Ryft's stored payment methods are aligned with the industry standards terminology of Credentials on File (CoF), which allows merchants to securely store their customers' payment details for future transactions, enhancing the customer experience by enabling quicker checkouts.
A CoF transaction is initiated when a merchant uses previously stored payment credentials to process a payment on behalf of a customer. This is particularly useful for scenarios such as subscription services, recurring billing, or any situation where a customer authorizes a merchant to charge their payment method at a later date.
There are two primary types of CoF transactions:
- Customer-Initiated Transactions (CIT): These occur when a customer is present and authorizes a payment using their stored credentials, such as during a repeat purchase on an e-commerce site.
- Merchant-Initiated Transactions (MIT): These occur when a merchant charges a customer's stored payment method without the customer being present, typically for recurring billing or subscription services.

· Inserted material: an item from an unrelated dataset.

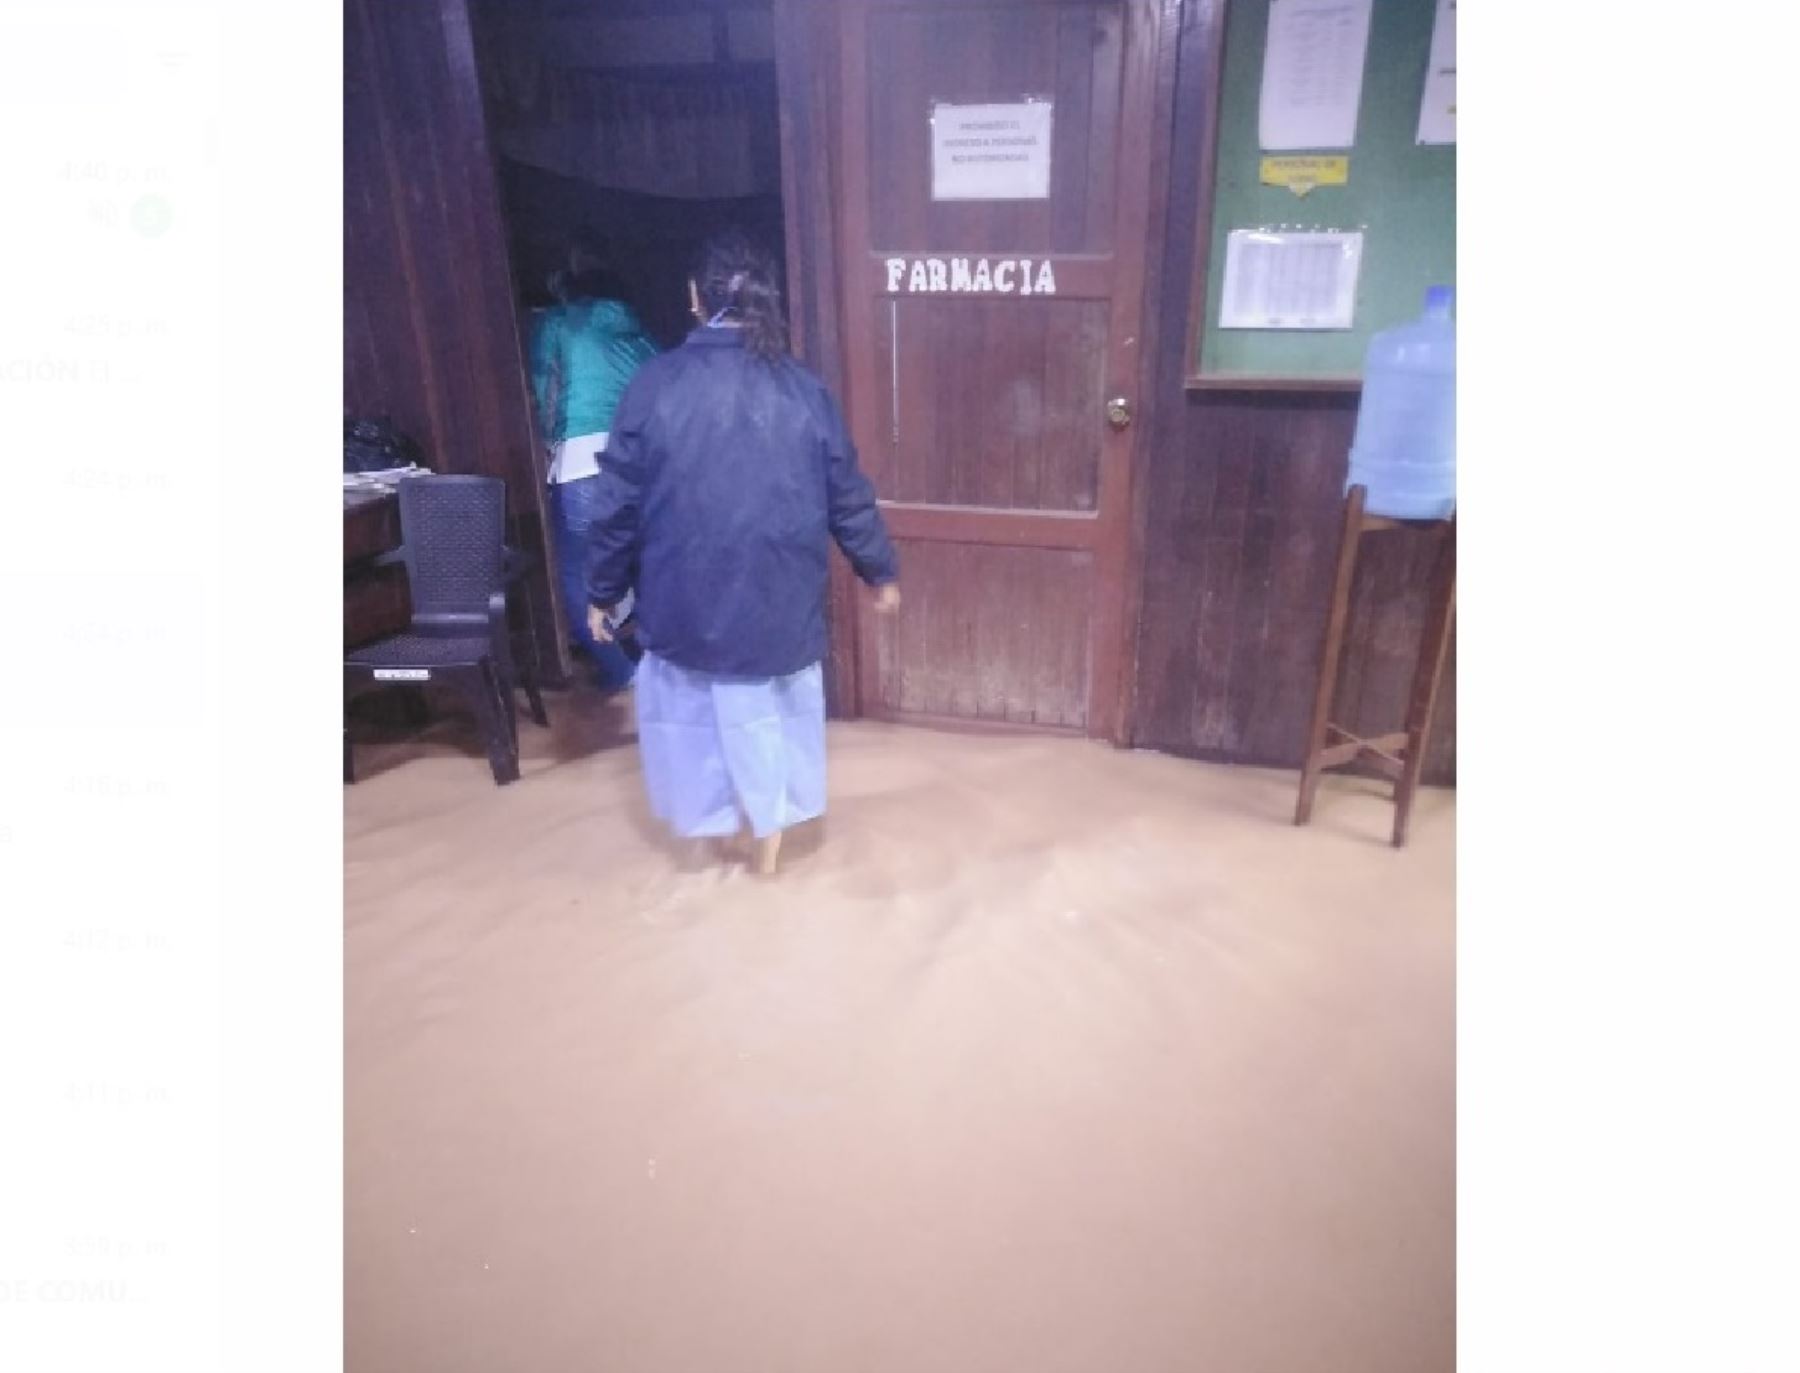 Lluvias intensas en provincia de Coronel Portillo, región Ucayali, causan daños en diversos establecimientos de salud.

In a Customer-Initiated Transaction (CIT) scenario, the customer is actively present and provides explicit consent for the payment at the time of purchase. This is the standard model for most transactions, whether the customer enters a new card number or uses a saved one.
A CIT can be classified into two ways when dealing with Card-on-File (CoF) or stored payment details:
- Initial CIT (Card Saving): This is the very first transaction where the customer enters their card details and, crucially, grants the merchant permission to store those details for future use.
- Subsequent CIT (Using a Saved Card): This occurs when the customer returns, is present, and chooses to use their previously saved card to initiate a new transaction.
The merchant's responsibility in all CITs is to ensure the transaction is secure and compliant with all relevant regulations. Merchants must also ensure they have obtained proper consent from customers to store and use their payment information for subsequent transactions.
Merchant-Initiated Transactions (MITs) are charges where the merchant's system initiates the payment using stored credentials without the customer being actively present or providing explicit consent at the time of the transaction. This is often referred to as a "mandate" transaction.
This model is common in:
- Recurring Payments: For services with a fixed schedule (e.g., monthly subscriptions).
- Unscheduled Payments: For charges made on an as-needed basis under specific, pre-agreed conditions (e.g., topping up an account balance).
For an MIT to be compliant, the customer must have previously agreed to allow the merchant to charge their payment method at regular intervals or under specific conditions.
MITs require a higher level of security and compliance than standard transactions, as they involve charging a customer's payment method without their immediate authorisation. Merchants must ensure they:
- Have clear, auditable consent from customers for the terms of the MIT.
- Adhere to all relevant regulations and rules set by card networks and payment processors for proper transaction flagging and management.
The key difference between the two types of CoF transactions lies in how 3D Secure (3DS) authentication is handled:
- CIT: Requires 3DS authentication for each transaction, as the customer is actively involved in the payment process. This typically results in a liability shift, offering the merchant protection against most fraud-related chargebacks.
- MIT: Does not require 3DS authentication for each transaction, as the customer has already provided consent for the merchant to charge their stored payment method for future transactions. Consequently, the merchant usually retains the liability for any fraud-related chargebacks.